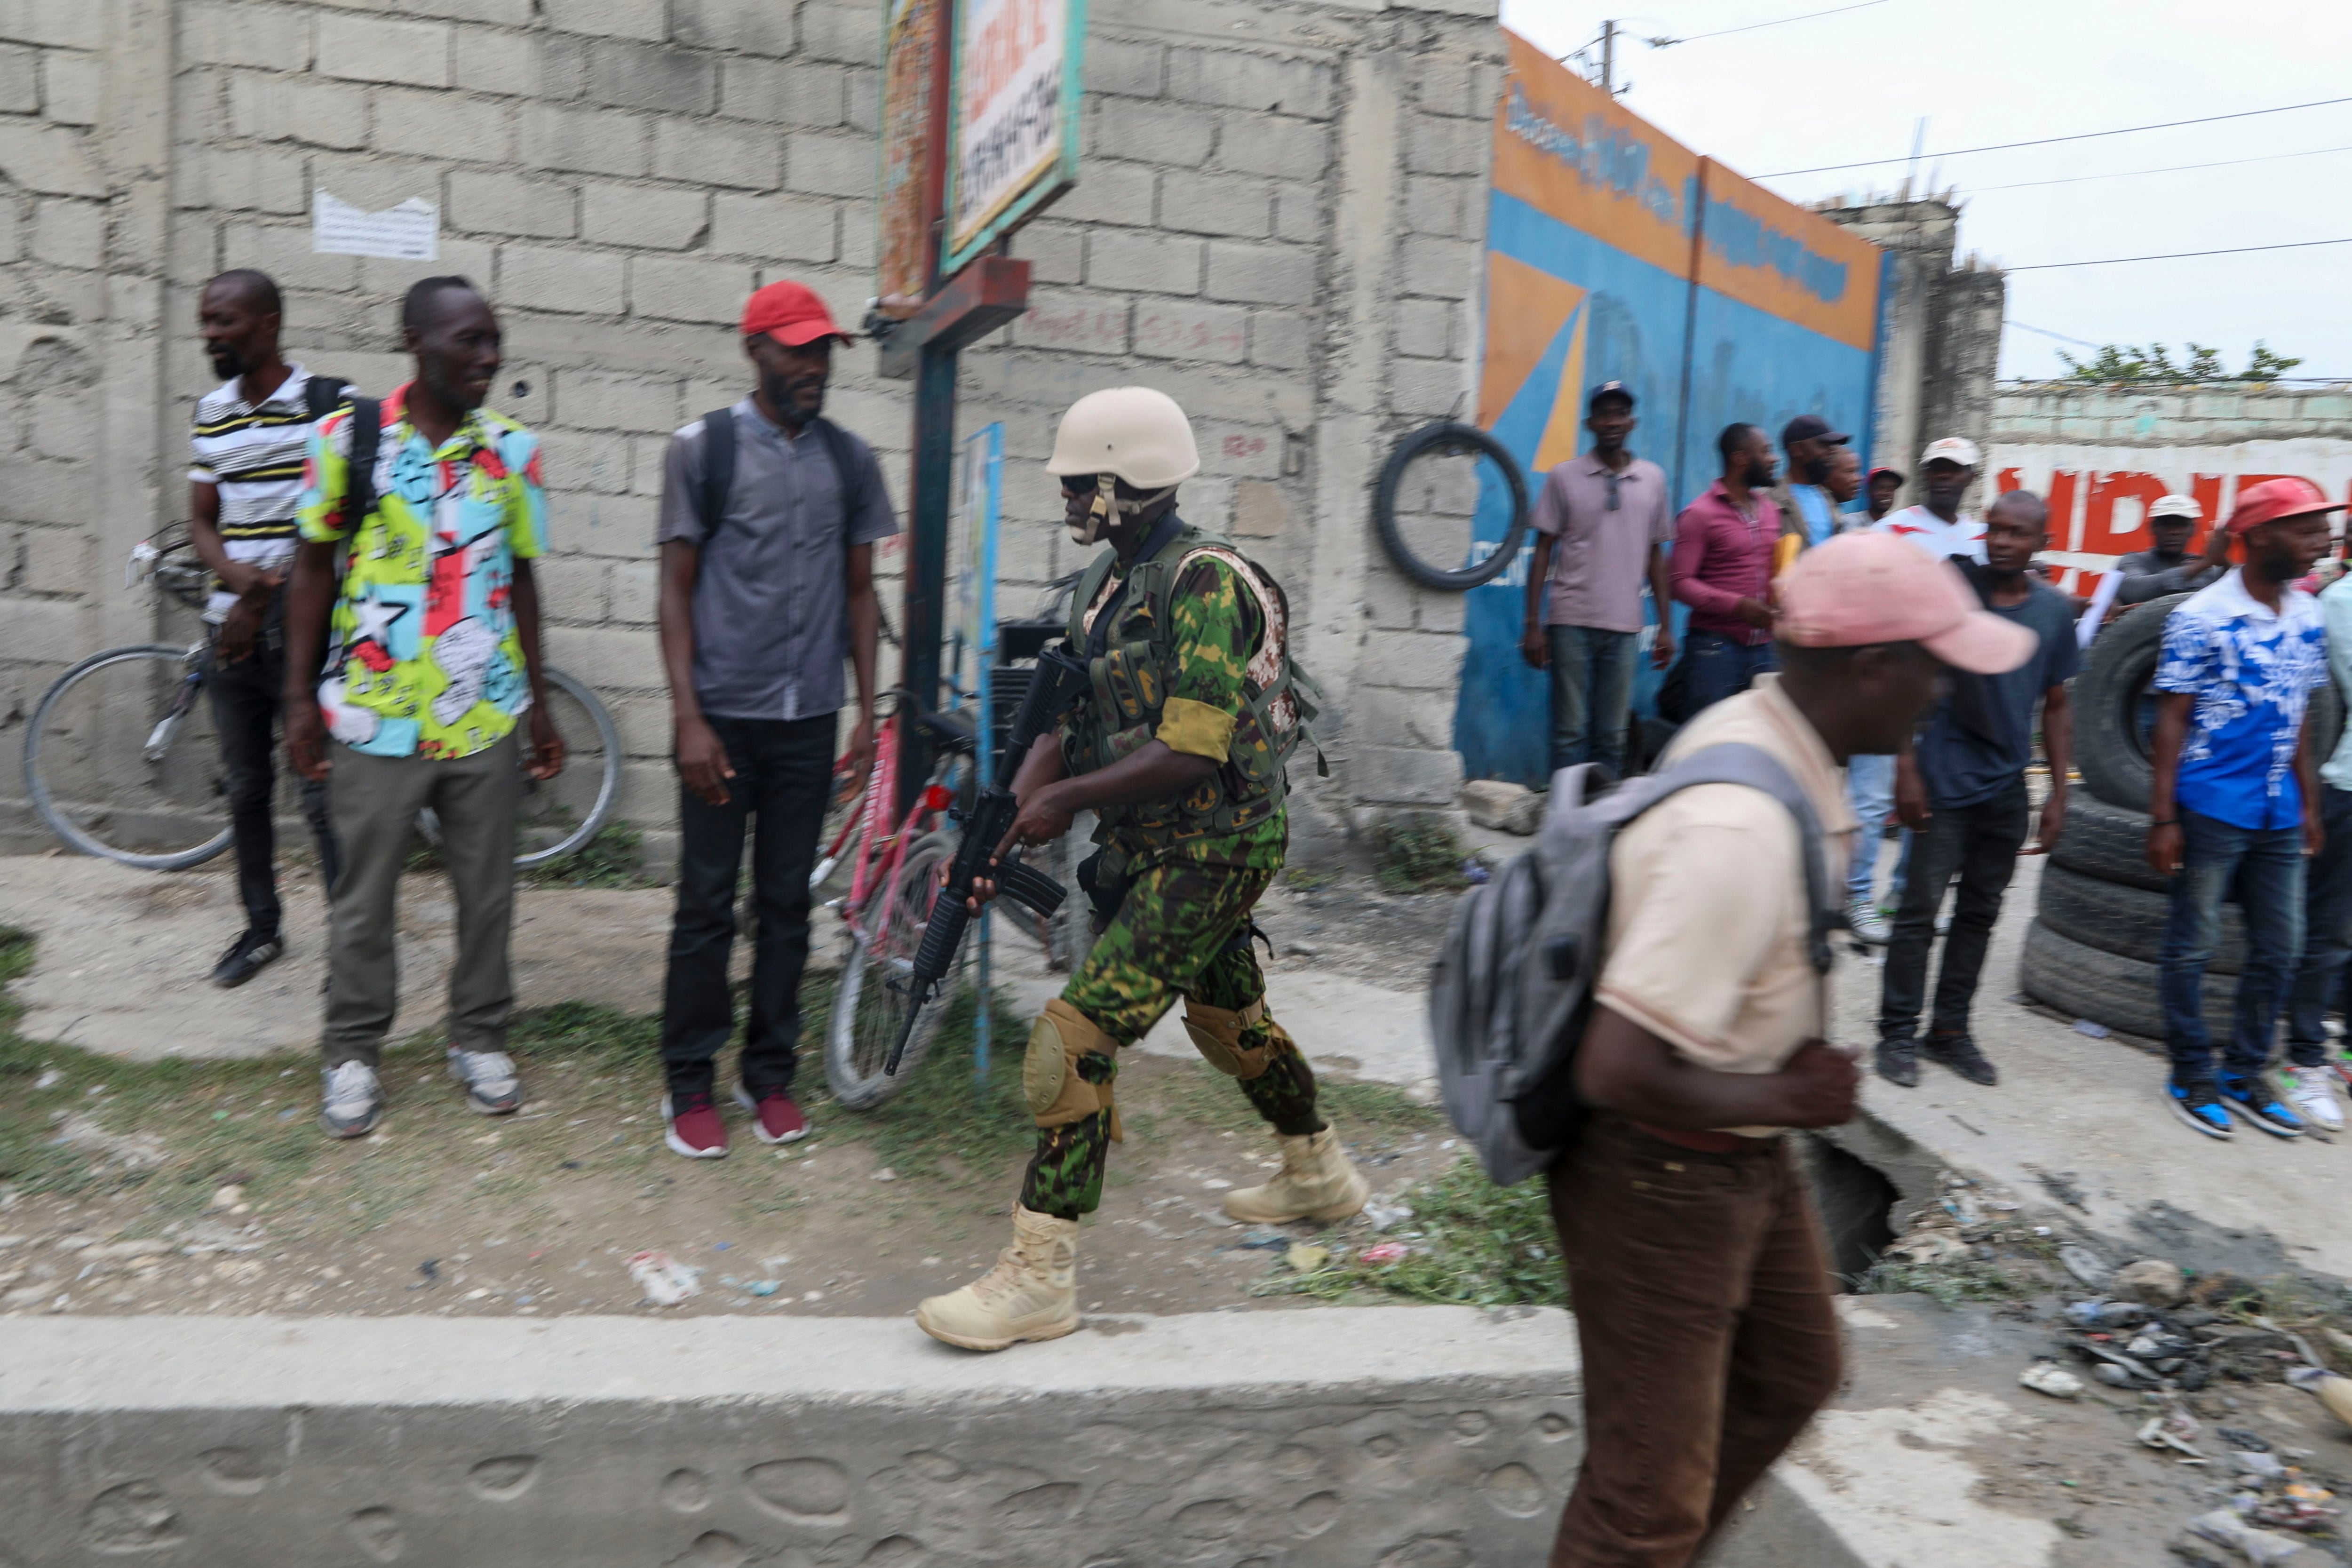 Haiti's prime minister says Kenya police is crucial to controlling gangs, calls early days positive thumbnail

--

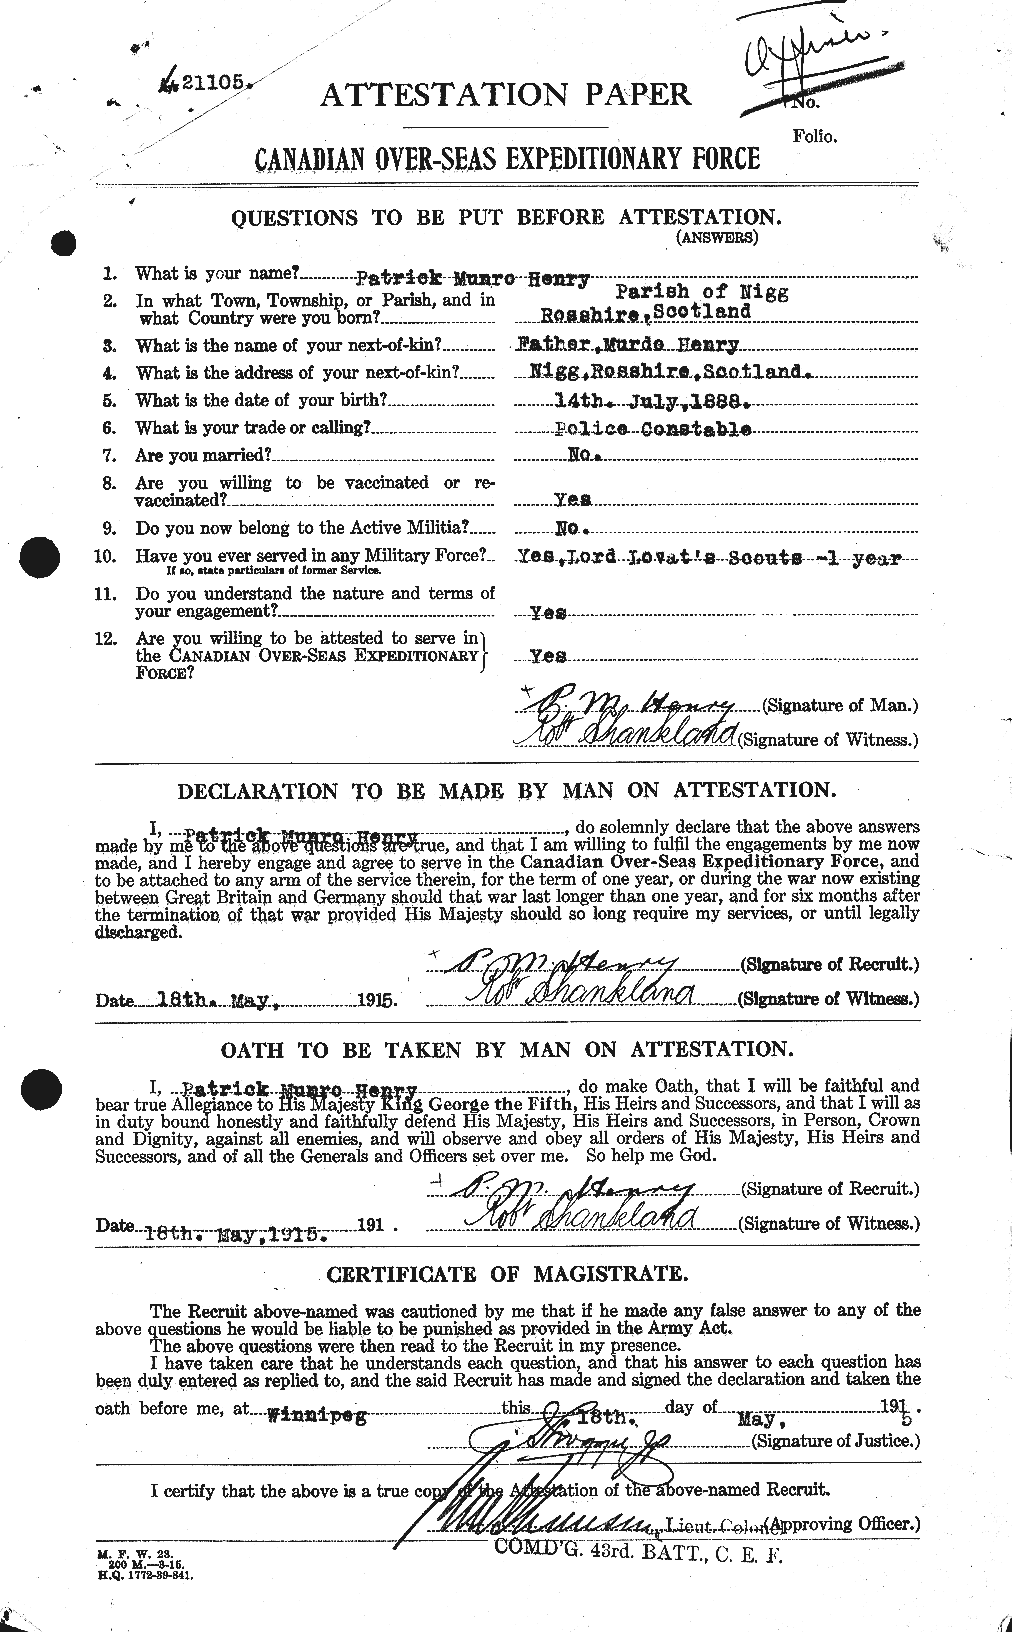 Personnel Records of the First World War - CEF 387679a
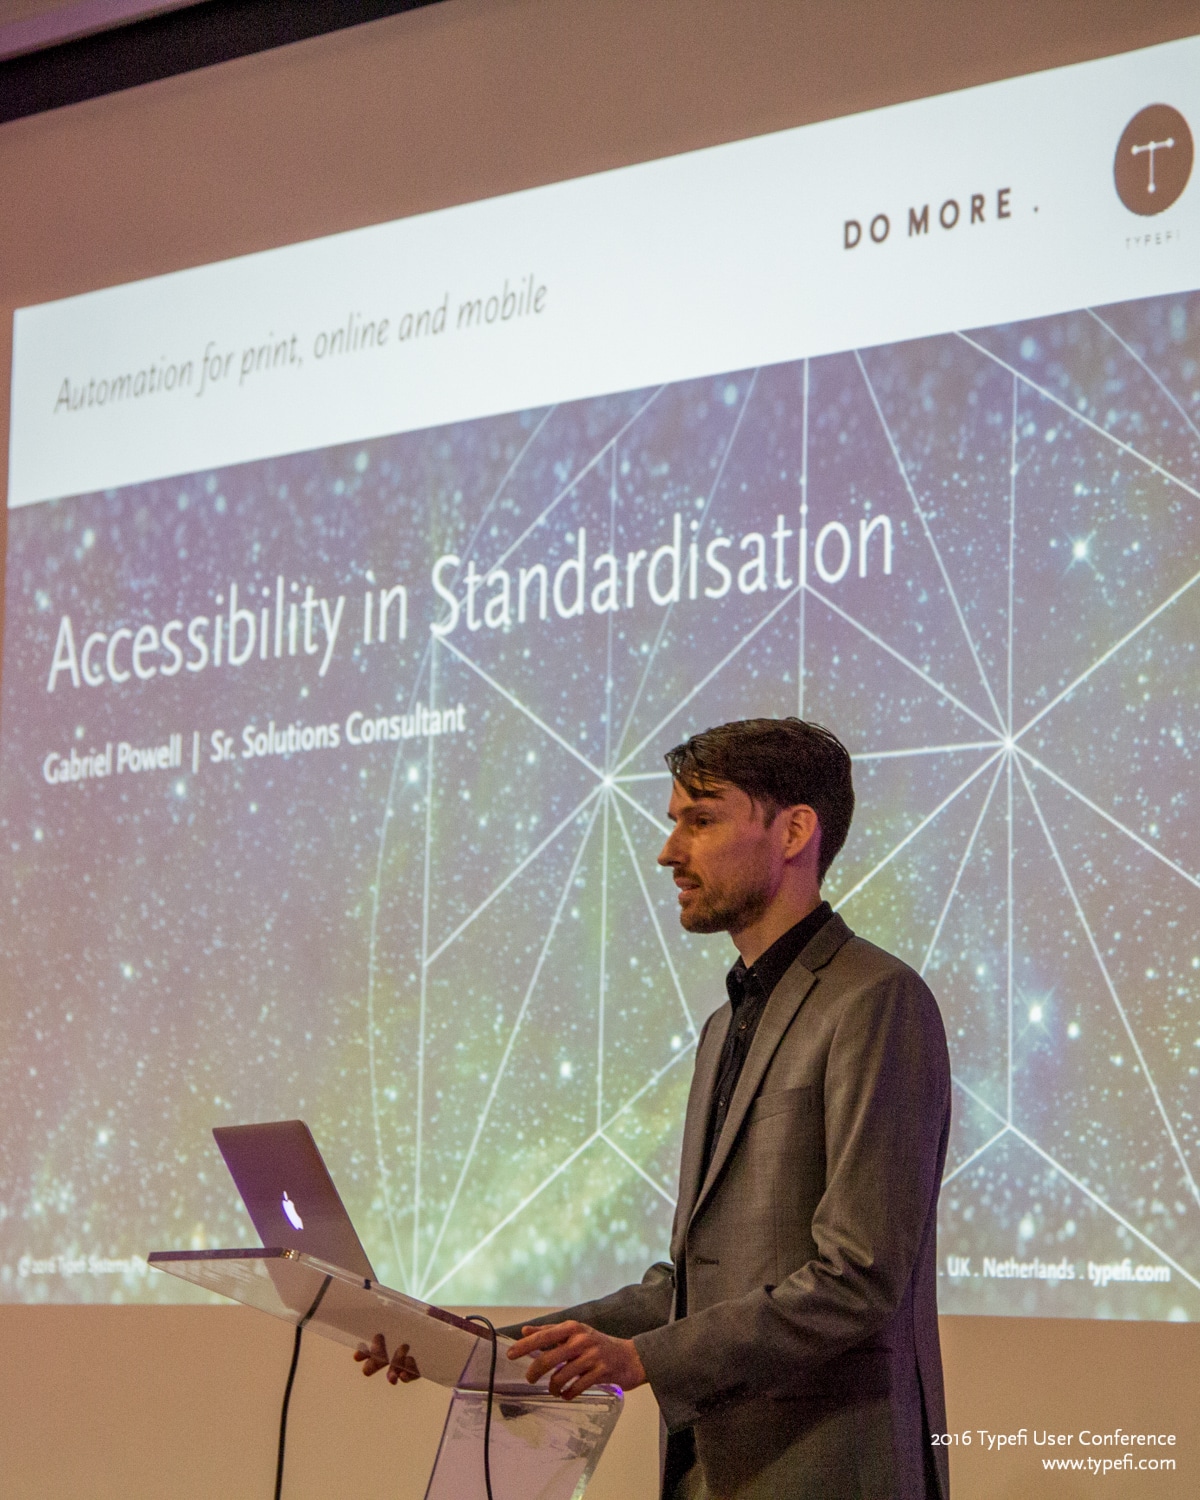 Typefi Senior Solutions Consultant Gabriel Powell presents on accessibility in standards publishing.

▸ INSTRUCTIONS FOR THE TASK: Go to the line above that has "Personnel Records of" and copy exactly from there down to the line that has "Typefi Senior Solutions", both included. Leave the pictures out.

▸ COMPLETED EXERCISE:
 Personnel Records of the First World War - CEF 387679a
 Typefi Senior Solutions Consultant Gabriel Powell presents on accessibility in standards publishing.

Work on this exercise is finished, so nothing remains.